__Data supplied__
* * * * * * *

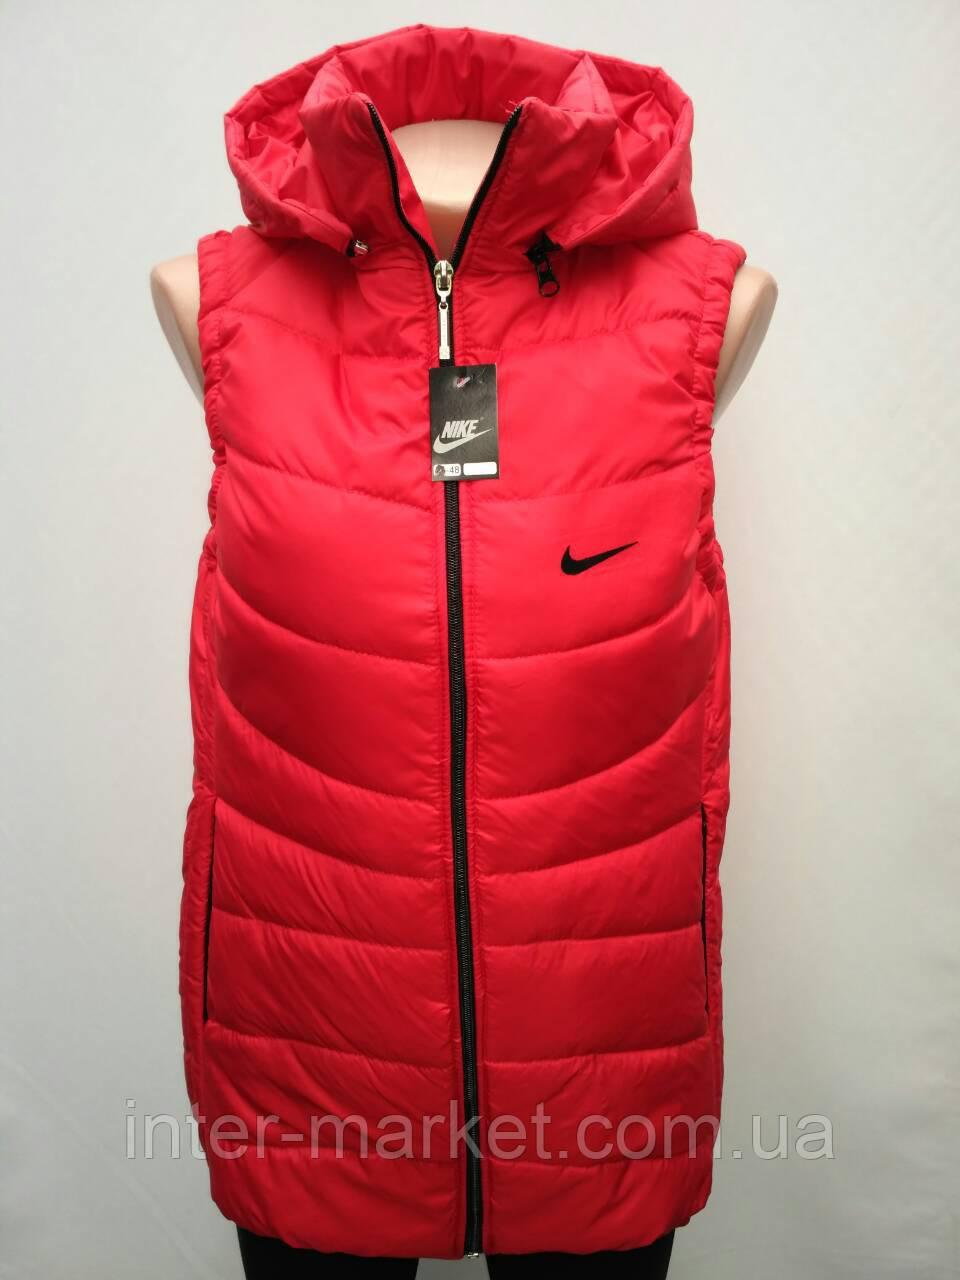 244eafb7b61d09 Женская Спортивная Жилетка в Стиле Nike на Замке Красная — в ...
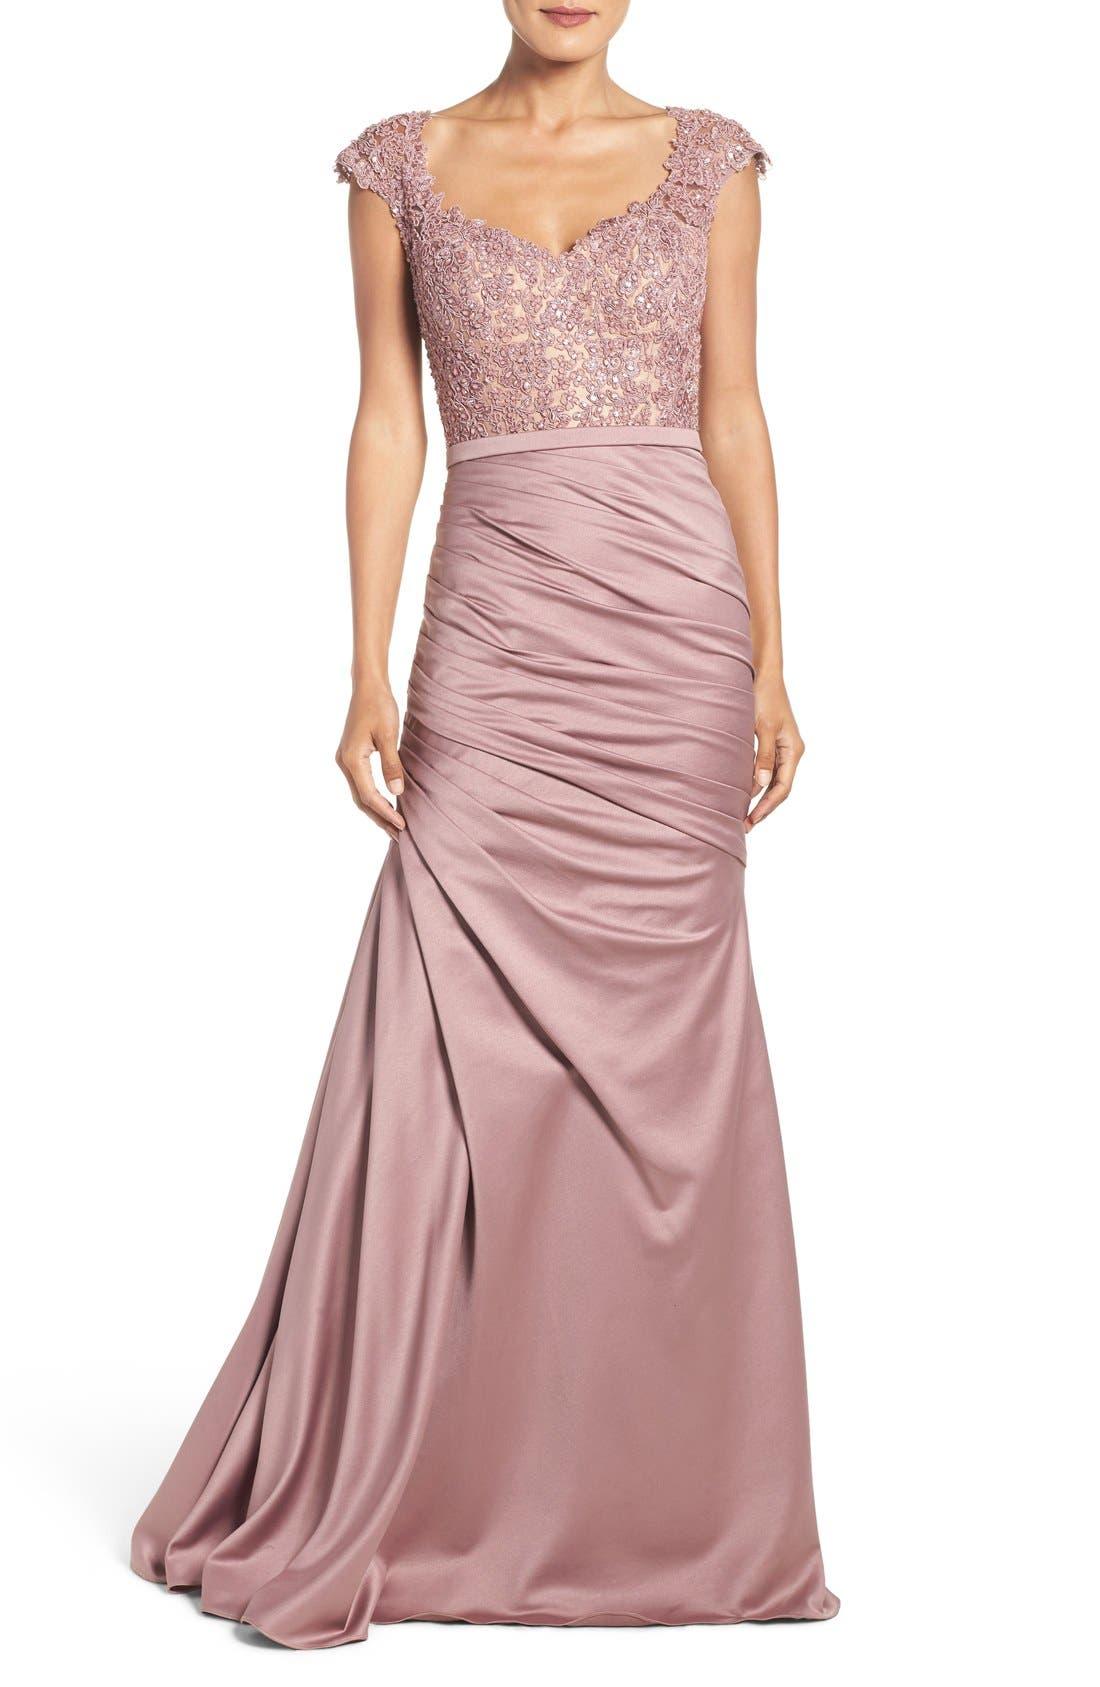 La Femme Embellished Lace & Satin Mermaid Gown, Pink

* * * * * * *

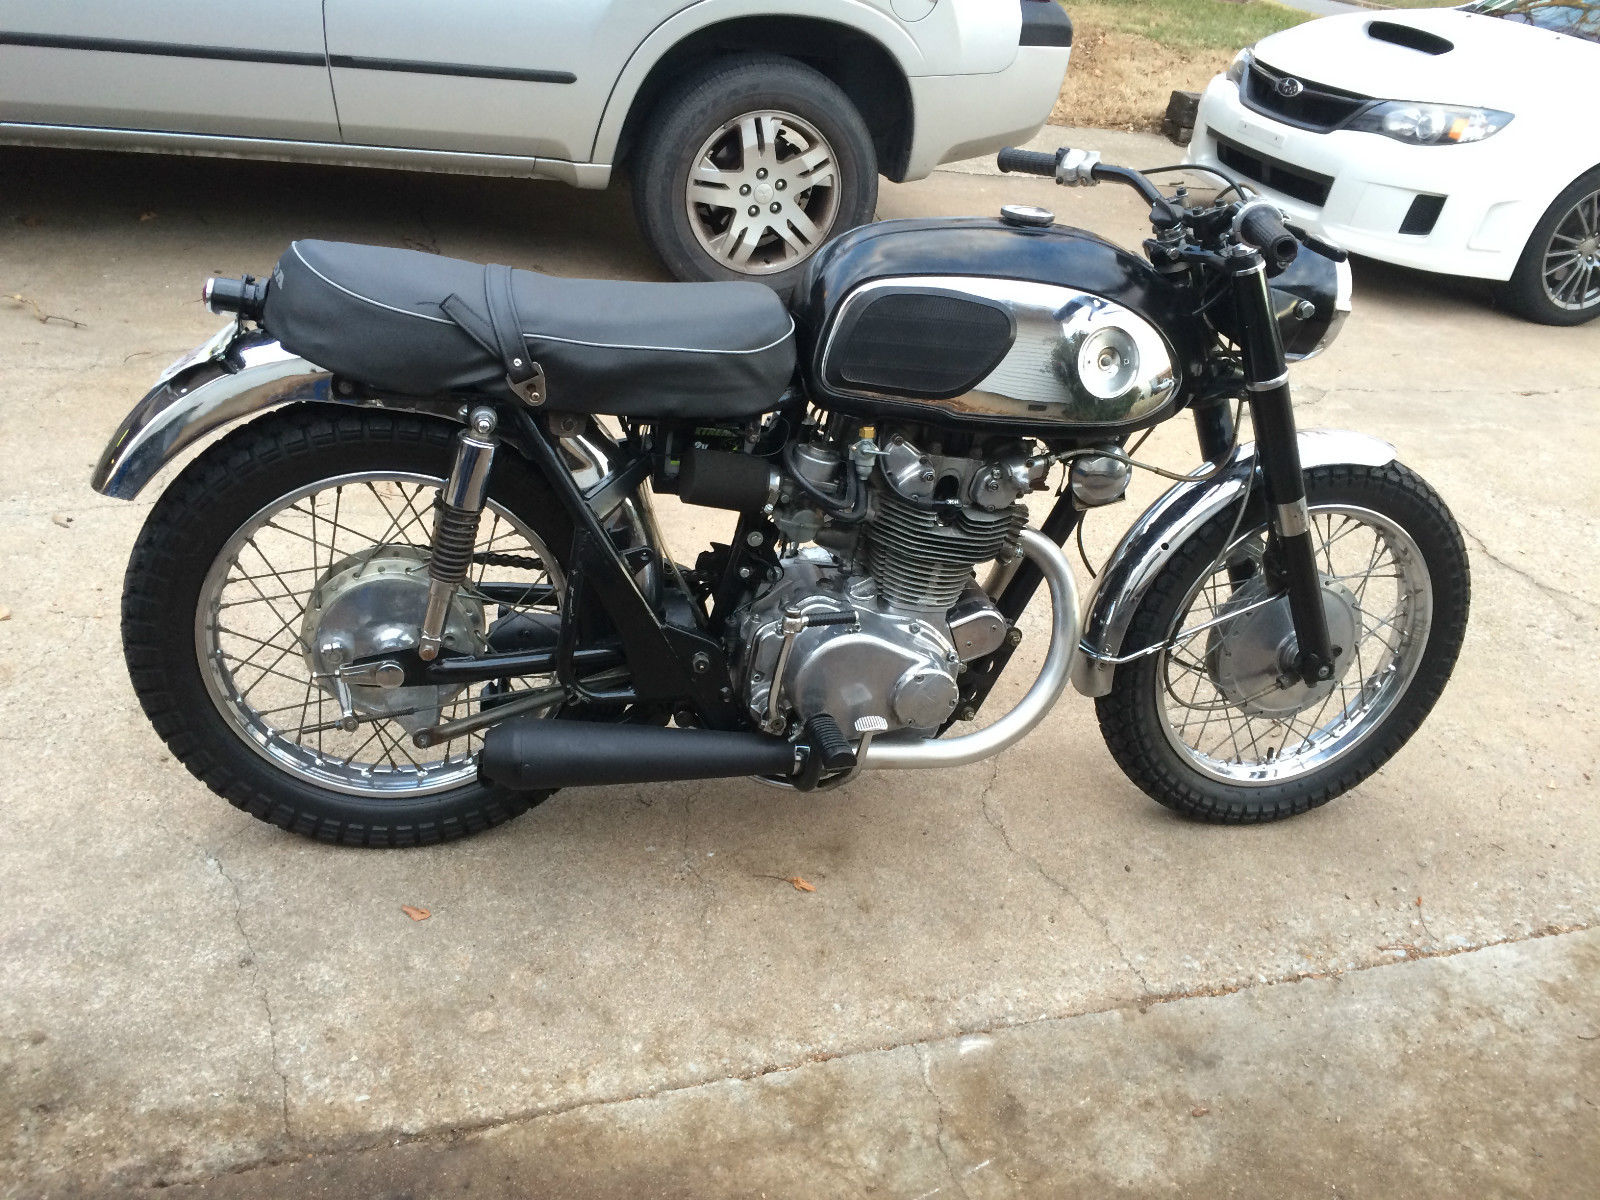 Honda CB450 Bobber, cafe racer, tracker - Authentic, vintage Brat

* * * * * * *

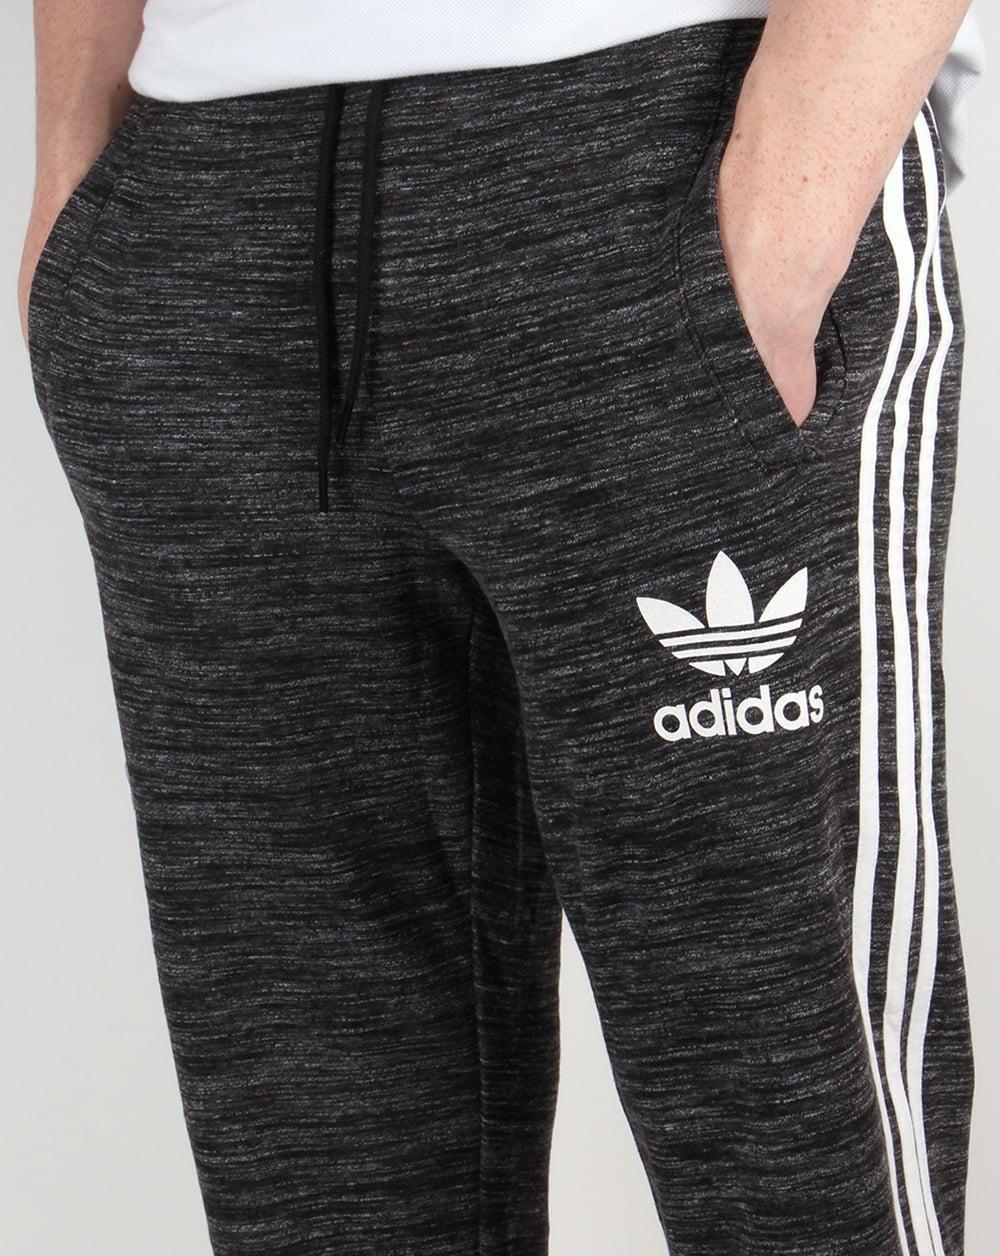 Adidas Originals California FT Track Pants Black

* * * * * * *

Leave out every picture, and copy exactly the lines above starting at the one holding "244eafb7b61d09 Женская Спортивная" and ending at the one holding "La Femme Embellished", no more and no less.

 244eafb7b61d09 Женская Спортивная Жилетка в Стиле Nike на Замке Красная — в ...
 La Femme Embellished Lace & Satin Mermaid Gown, Pink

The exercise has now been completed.